Last Friday, the market closed at 2085, following a 9-day losing streak that brought the markets down by 3%. This was the longest daily losing streak in 36 years. This week the markets immediately reversed course and gained 3.7%, erasing the last 9 days of losses. The reversal was ignited by the news that James Comey would suspend the re-opened investigation into Hillary Clinton's emails, and the markets celebrated Monday and Tuesday by rising 2.5%. Then the election Tuesday night surprised the world with Trumps win. Contrary to what investors thought, the markets actually rallied on the news on Wednesday by 1.0%. The following two days were lackluster as investors were repositioning their portfolios given the surprising President-elect. So what's next?
At this junction, this is where investors differ. The bulls believe this is the start of the next rally higher. Everyone seems to be optimistic that growth will be much higher given Trumps plans. The S&P 500 stands at 25x LTM , and its hard to believe that optimism isn't fully priced in. An argument for the high valuation is that next years will be much higher. I have seen estimates from $115 per share to $140 per share. Those equate to Forward P/E ratios of 18.8x to 15.5x, still richly priced compared to long-term averages around 14x. And those estimates have been slowly adjusted downwards. It's hard for me not to possibly recognize that certain investors were going into last weekend shorting the market as we broke below support at 2100. And after the news broke over the weekend, a lot of short covering entailed, adding fuel to the large increase in the market. Not necessarily a sign that sentiment improved. I believe that's why we puttered out when we reached the max levels closer to 2170. The enthusiasm wasn't there.
I believe the following will be headwinds against the market in the coming months.
1. It's important to point out that bond yields have risen considerably this week. One of the reasons supplied as the increased valuations in the market has been a rush to dividend stocks for yield. This will continue to reverse the interest in dividend yielding stocks.
2. The Fed is most likely to raise interest rates in February. Stanley Fischer supported these claims today, indicating that a rate hike is appropriate. This will put pressure to shift the balance of equity and bonds into the bonds favor. I don't believe the market has fully priced in this change.

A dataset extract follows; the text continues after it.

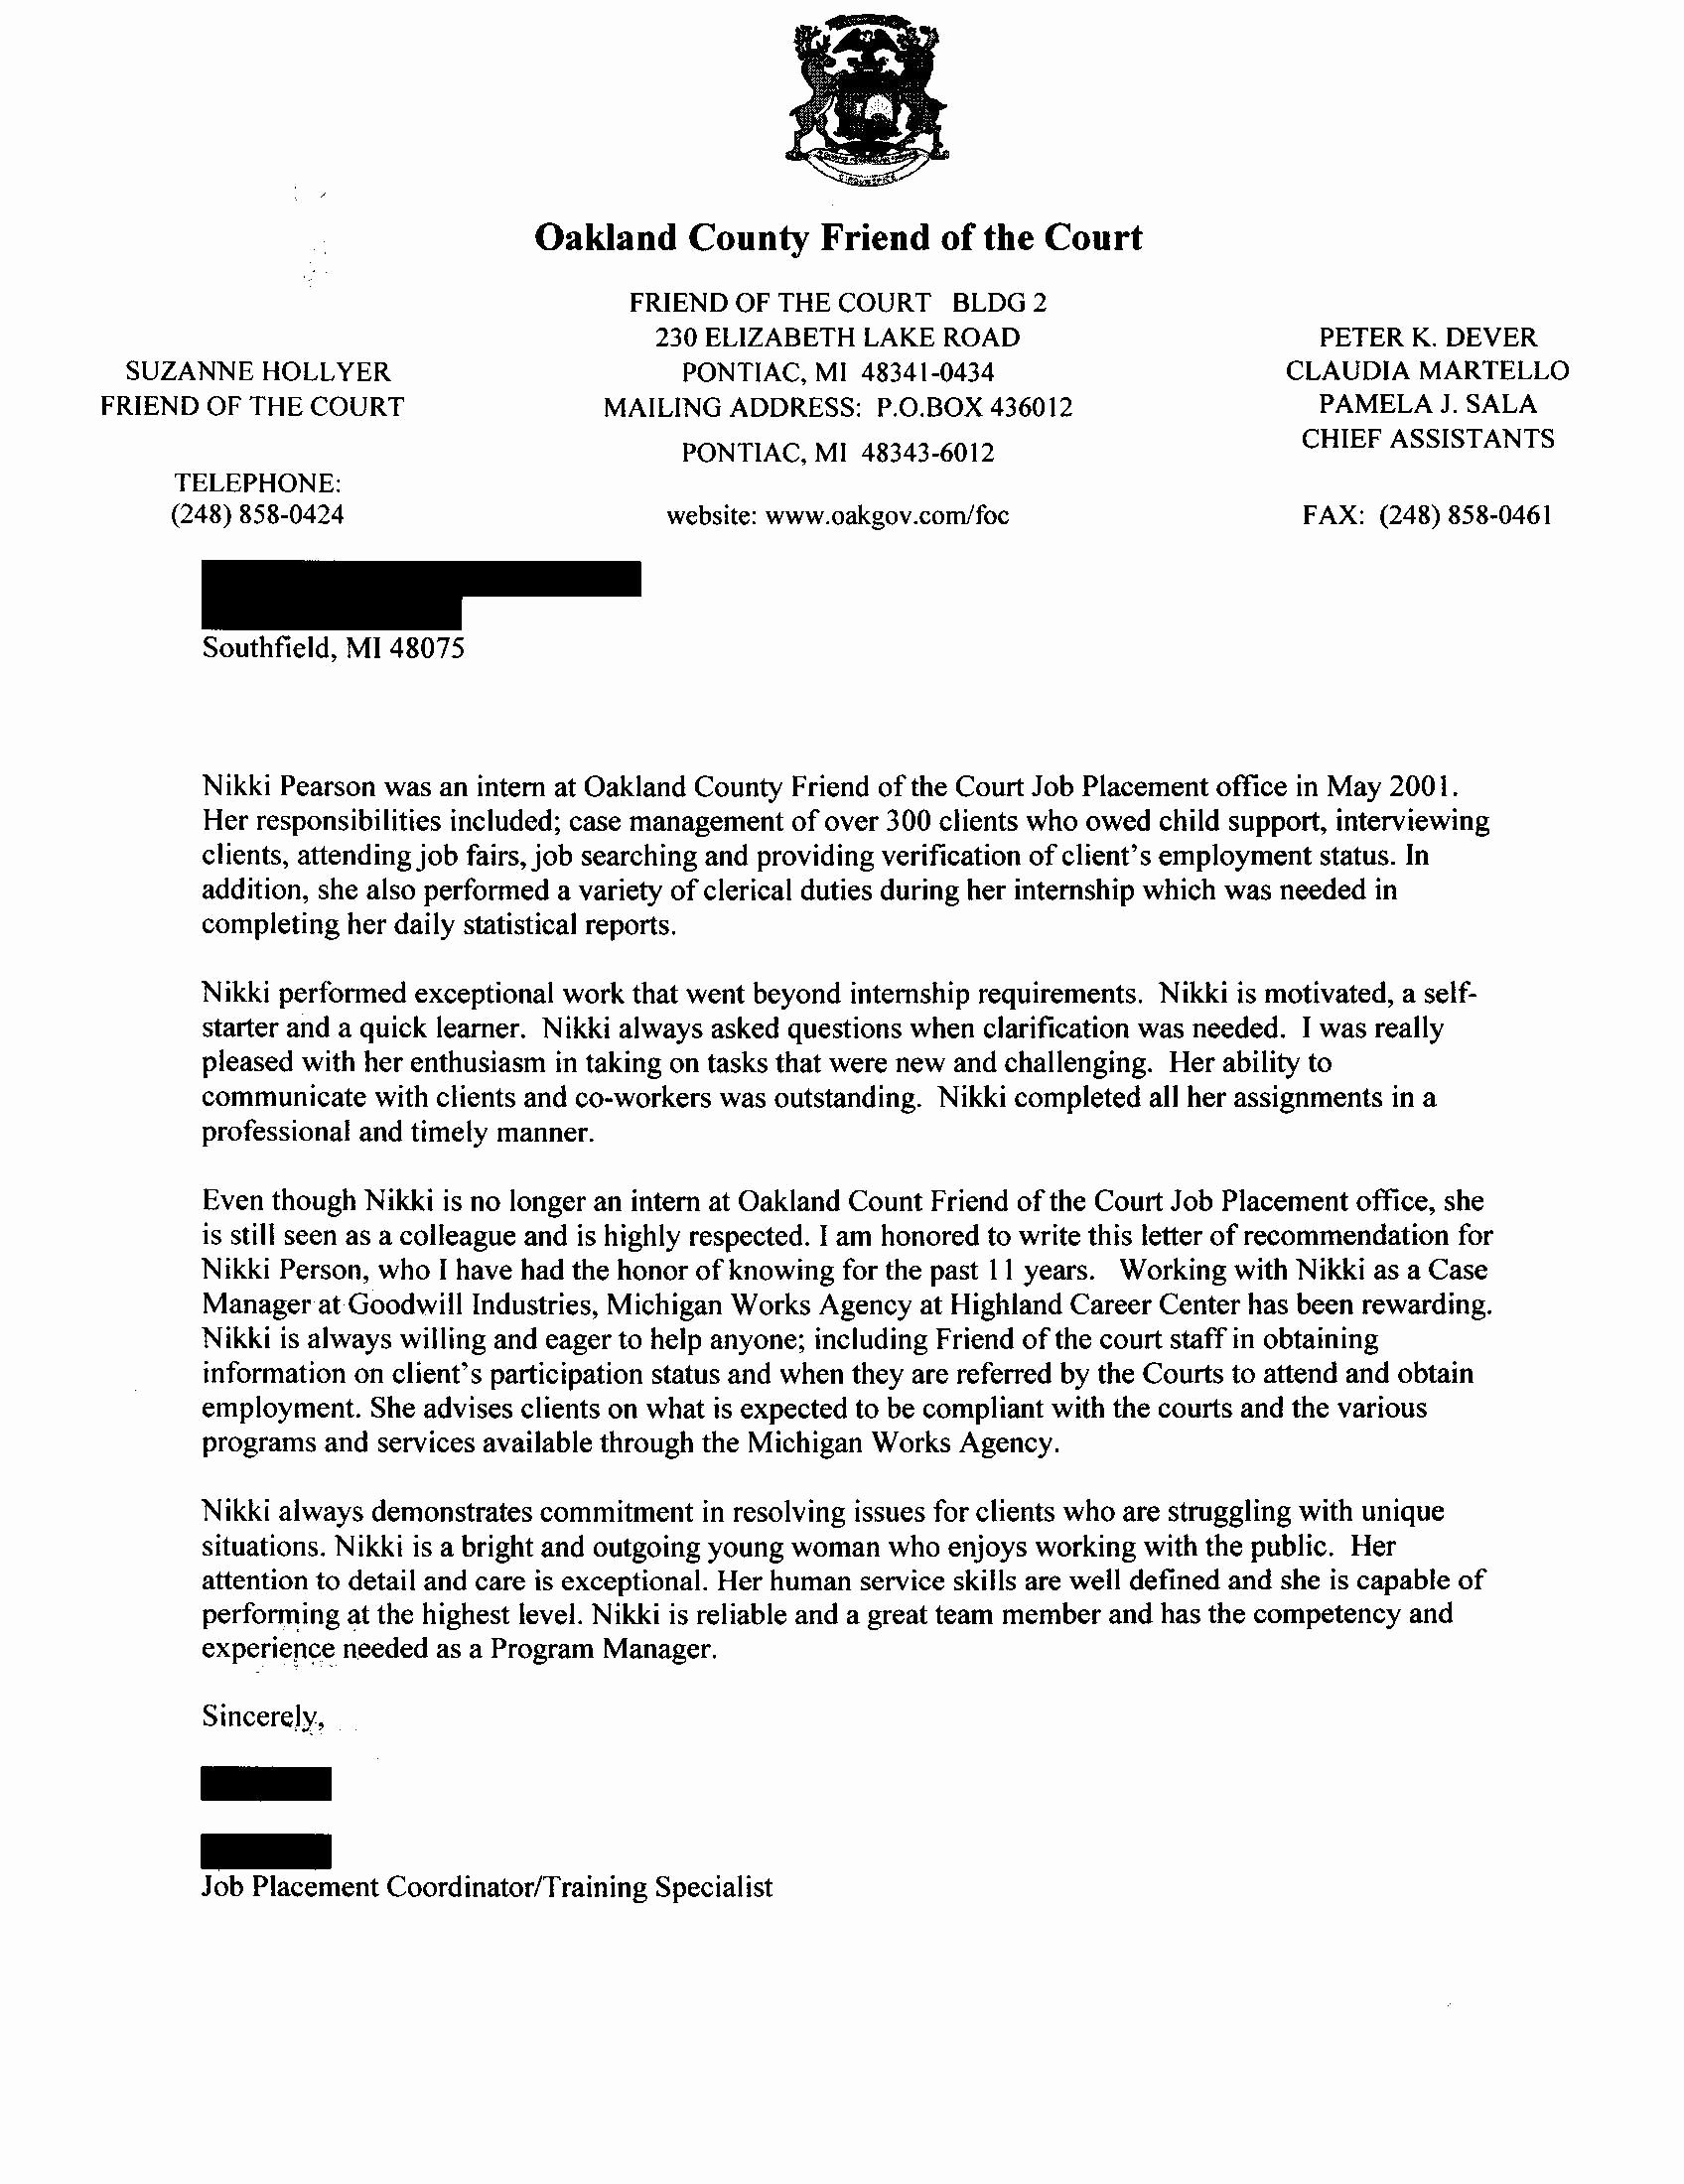 Intern Letter Of Recommendation Fresh Letter Of Re Mendation From Intern Supervisor
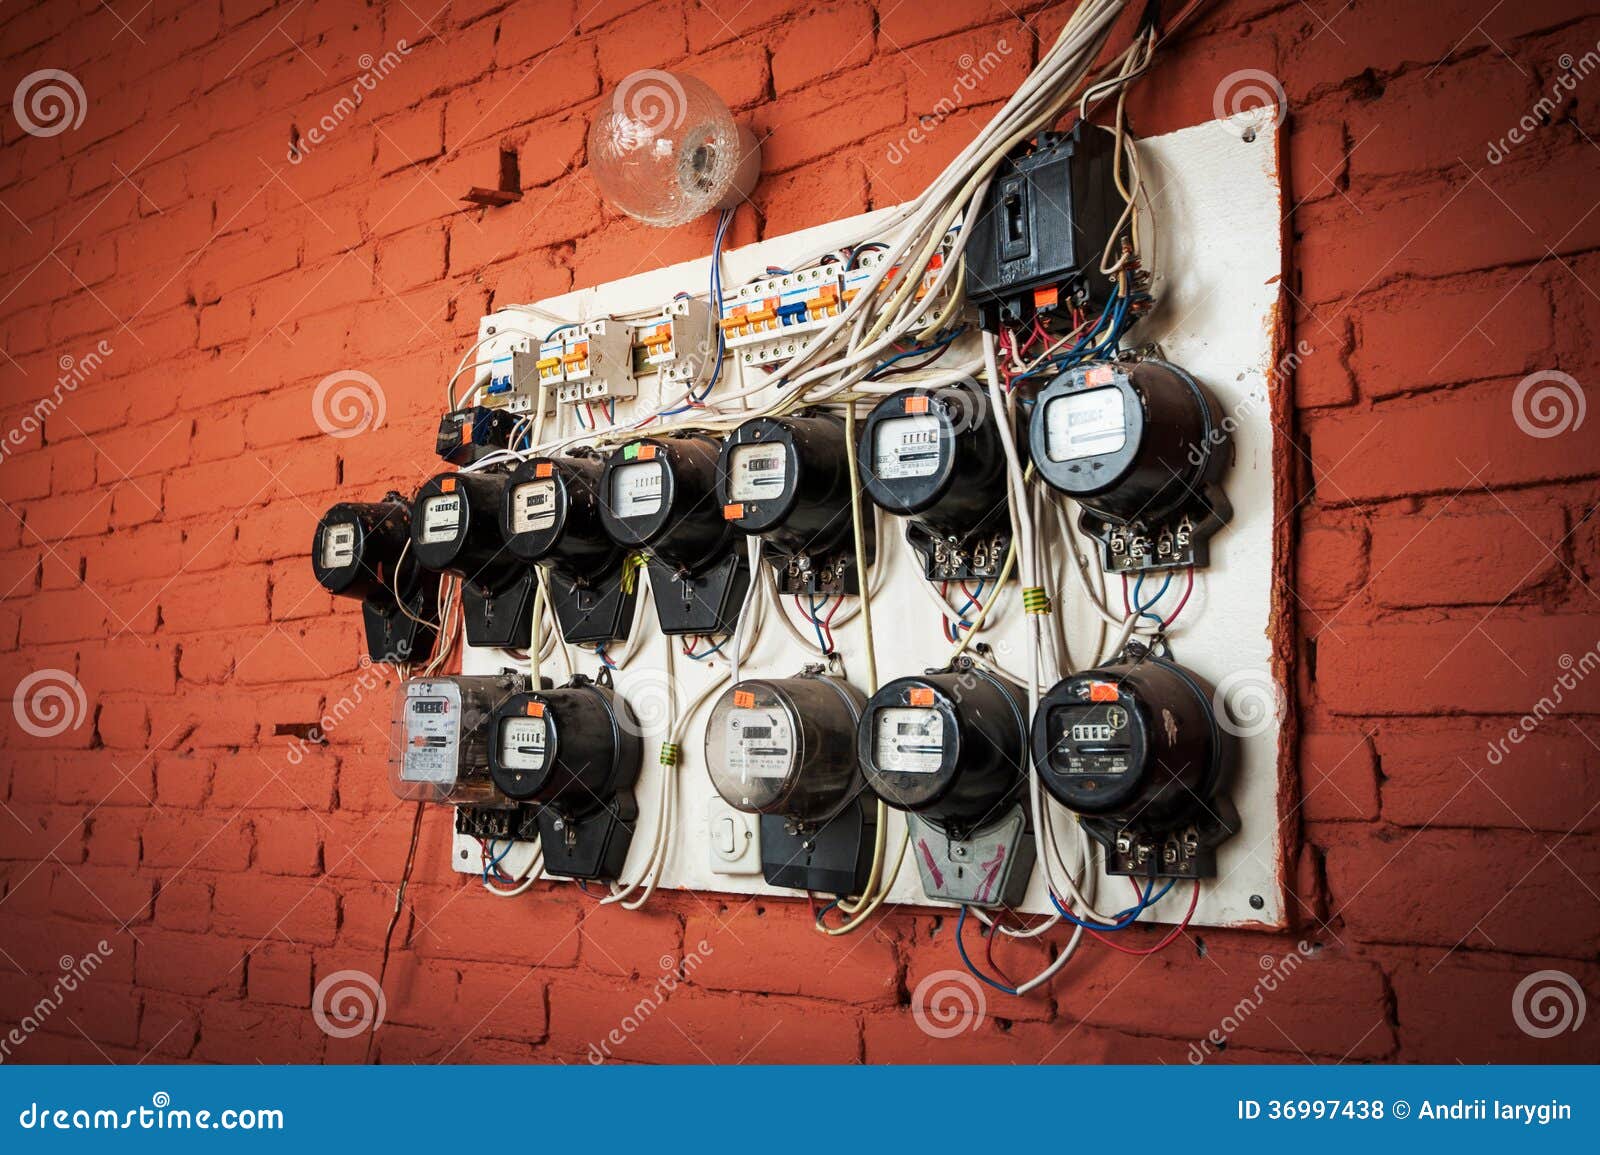 old electric meters

3. Honeymoon over. As I have discussed previously, the rearrangement of investors portfolios to allocations that appear to be Pro-Trump have begun and show why the Dow hit an all-time high, while the S&P 500 and NASDAQ were far behind. We didn't get an enthusiastic broad based rally. Simply the sectors that are 'expected' to outperform did well (banks, biotech, industrials) while the other industries suffered or remained neutral. I think that is evidenced by the letter 'A' on the chart. We peaked on the S&P 500 , but couldn't carry through as investors are most likely not going to make big bets going into the uncertain, and volatile world of President-elect Trump.
I believe over the coming weeks we will begin to retrace, probably to the 50% Fib retracement to 2000. Now there is definitely a possibility we try to retest the highs early next week, but I think the euphoria of Trump will begin to waver as he provides more clarification on his plans and economic data continues to be reported.
The letter 'A' shows that although we pierced the on the reverse, we still managed to close below it which is a short-term sign.